Despite the surge in demand for AI chips, the entire semiconductor industry is currently facing the problem of excess inventory. As manufacturers of consumer electronics, automobiles, and industrial equipment have postponed orders for new chips. The long-term inventory accumulation has led major chipmakers to postpone their production equipment investment plans.

The electric vehicle market, an important support for chipmakers, has not been immune to the current challenges. From Tesla to Porsche, to Ford and Mercedes, sales of electric vehicles are declining. Tesla, the industry leader, saw its profits decline for the second quarter in a row, reflecting the fact that the EV market has not yet fully recovered. The slowdown in the EV market is a major pressure on chip companies, especially those that are more dependent on the EV market.

Jean-Marc Chery, the company's chief executive officer, wrote in his second-quarter earnings report:

"In the quarter, contrary to our previous expectations, industrial customer orders did not improve and automotive demand declined. Lower-than-expected sales in the automotive business offset higher sales in the company's personal electronics business. ”

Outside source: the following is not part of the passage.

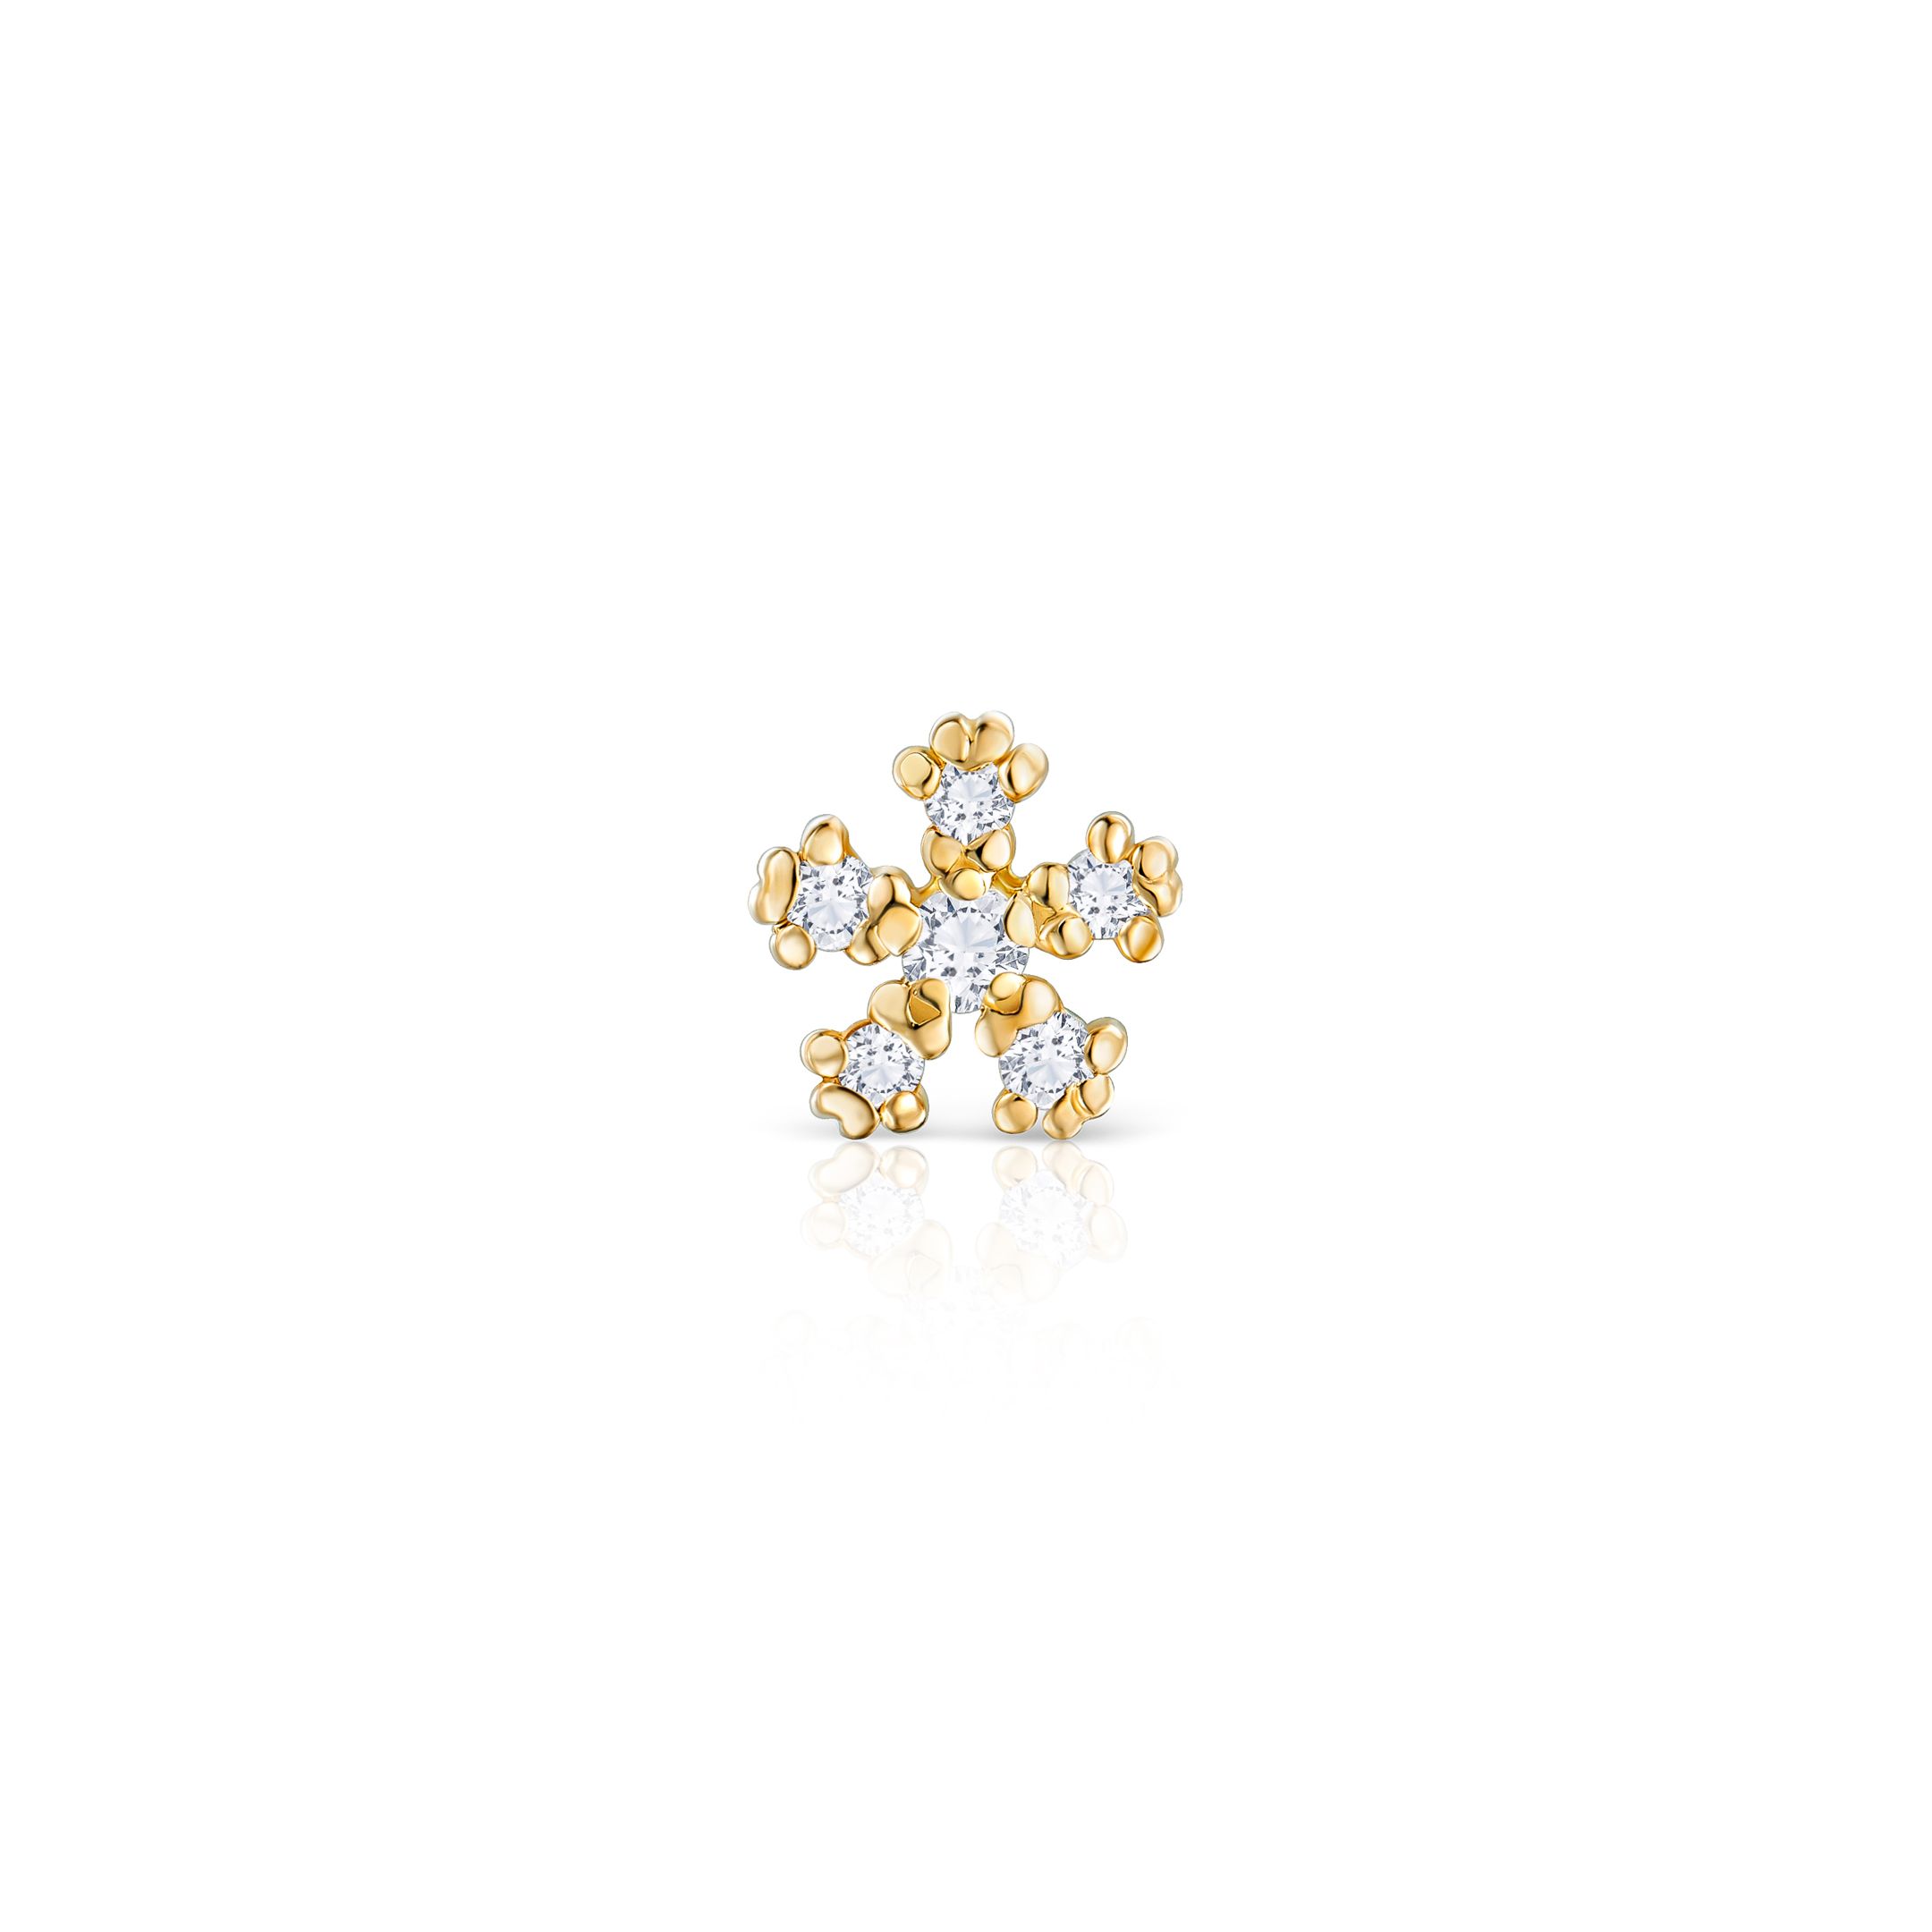 Pendiente Piercing Star Petals de Diamantes en Oro Amarillo de 18 Kt

In a conference call with investors, he noted:

"With demand weakening and inventories sharply adjusted, we are facing a longer and more severe correction in the industrial sector than expected."

What do you think of Wall Street?

JPMorgan analyst Sandeep Deshpande (Overweight) told clients: "Despite the slightly better-than-expected results for the quarter, the company is not seeing the expected recovery in industrial orders and a decline in automotive orders." The key question is, given the company's successive sharp downward revisions, will the market believe that the worst is behind us? While the end data in the automotive market showed that it was still declining in the quarter, we believe the market may be nearing the lowest point of the cycle. ”

Stifel analyst Juergen Wagner (buy rating) said earnings per share could fall by 15% in 2024 due to inventory adjustment pressures in the automotive and industrial sectors, a slight downward revision that is more than the market fears.

Bernstein analyst Sara Russo (Outperform) believes that the automotive business is below expectations, the microcontroller and power and discrete components sectors are underperforming, and the industrial sector is also not improving. While the company's guidance expects a sequential improvement in the fourth quarter, investors' confidence in the company's outlook could be affected given consecutive quarters of missed expectations. The difficulty for STMicroelectronics is that it's unclear when the cycle will bottom.

Citi analyst Andrew Gardiner (Buy rating) suggested that the company's earnings guidance was lowered more than expected, with revenue estimates for 2024 cut by 6% and EBIT (earnings before interest and taxes) cut even more. Given the downward revisions made at the time of both the Q1 and Q2 results, it could signal that the market is nearing the bottom of the cycle.